5 combinations for P and combinations
(5,1,1,1,1,1,1) : 7
(4,2,1,1,1,1,1) : 42
(3,3,1,1,1,1,1) : 21
(3,2,2,1,1,1,1) : 105
(2,2,2,2,1,1,1) : 35
Total combinations 210
Unless necessary, I won't enumerate the 210 different valid c value....
I hope this additional clarification brings more insight into the problem I am struggling with.

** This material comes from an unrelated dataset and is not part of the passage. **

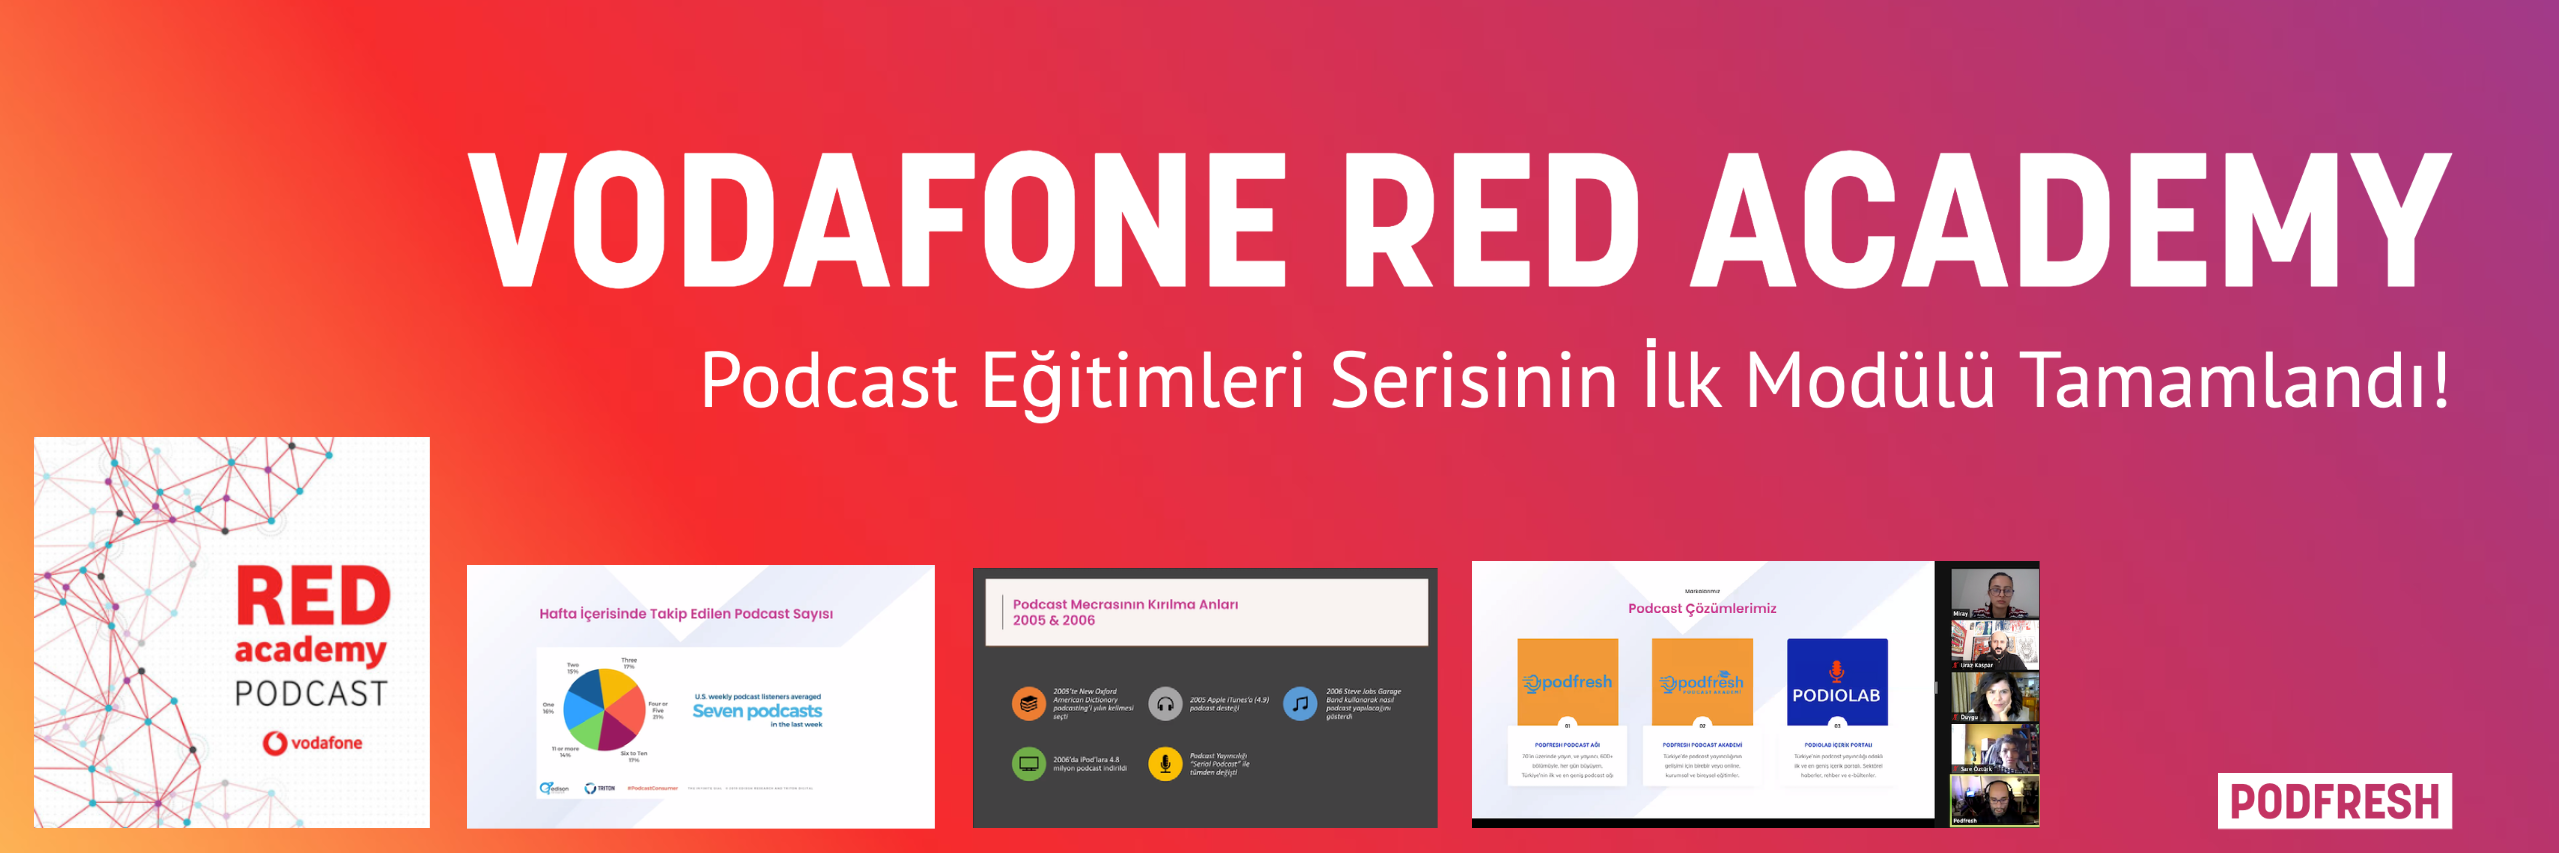 Vodafone Red Academy & Podfresh Podcast Eğitim Serisi
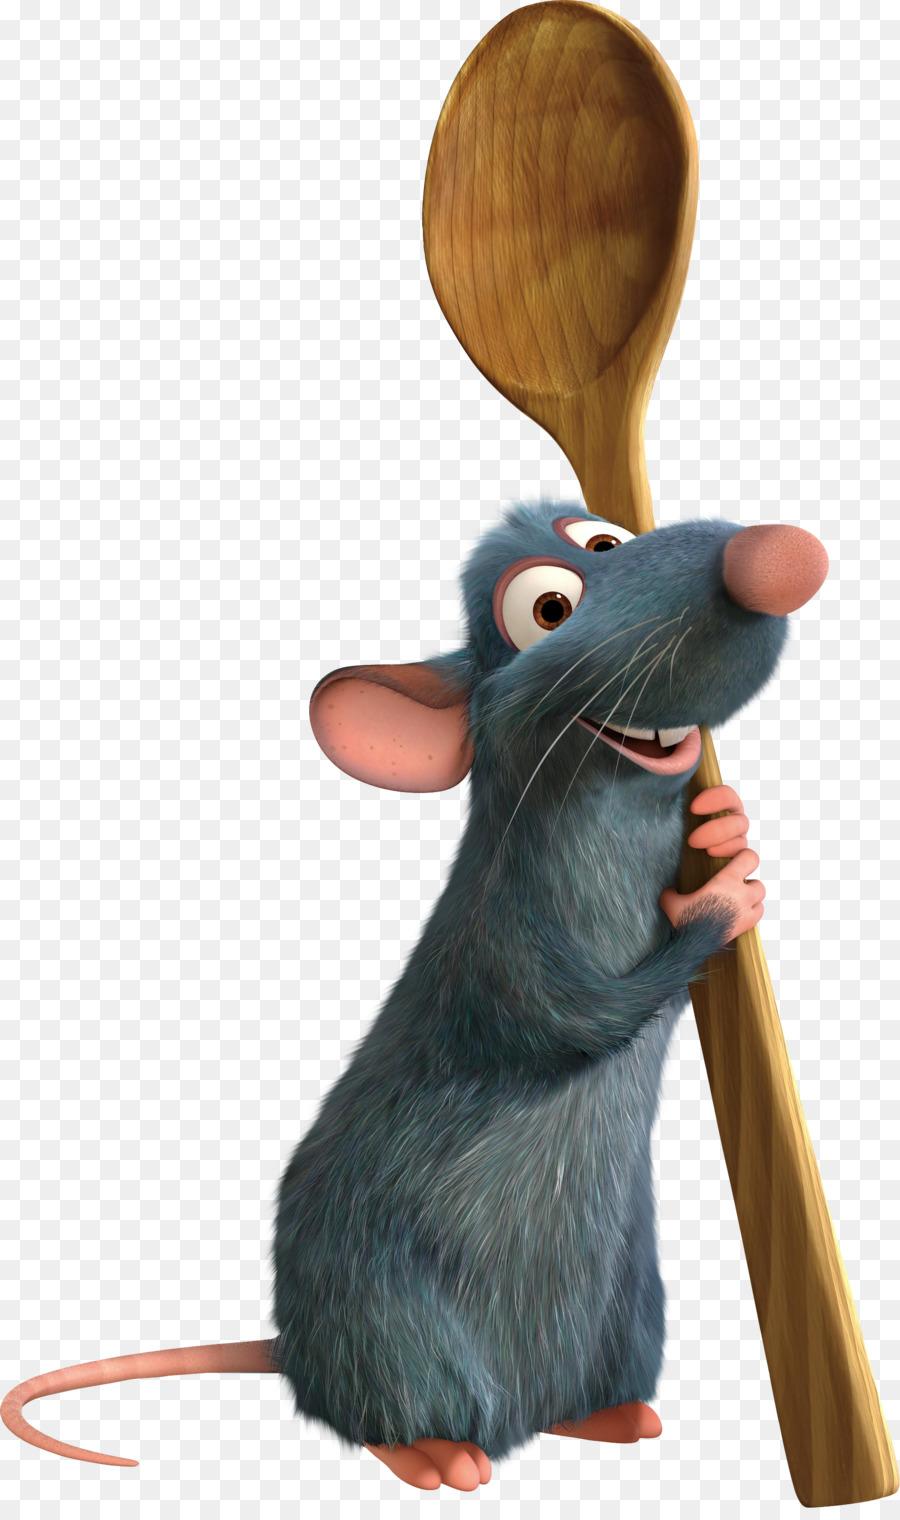 ratatouille french cuisine confit byaldi film pixar - rat png

The way you set the problem, there are infinitely many such triples.
Indeed, fix an arbitrary odd $k \in \mathbb Z$. Pick $b \geq a > 0$ and set $$c=\frac{3k-1}{2}3^{a-1}-k2^{b-1}$$
Then $a,b,c$ is a solution.
Note that it is easy to argue that $(a,b, \frac{3k-1}{2}3^{a-1}-k2^{b-1})$ describe all such solutions.
Note that $$ \frac{3^{a-1}+2c}{3^{a}-2^{b}} =\frac{3^{a-1}+((3k-1)3^{a-1}+2k2^{b-1}}{3^{a}-2^{b}}\\ =\frac{3^{a-1}+(3k)3^{a-1} -3^{a-1}+2k2^{b-1}}{3^{a}-2^{b}}=\frac{(3k)3^{a-1} +k2^{b}}{3^{a}-2^{b}}=\frac{k3^{a} +k2^{b}}{3^{a}-2^{b}}=k $$
P.S. Note that $a=1,b=1, k=1$ leads to $c=0$ as in your first solution.
$a=1,b=2, k=-1$ leads to $c=0$.
But, $a=1,b=1, k=3$ leads to $c=1$, which is a solution you missed.
P.P.S. Setting $k=2m+1$ your solution becomes $$c=(3m+1)3^{a-1}-(2m+1)2^{b-1}=m \cdot 3^a +3^{a-1}-m \cdot 2^b -2^{b-1}$$ which is probably easier to use. This works for all $m \in \mathbb Z$.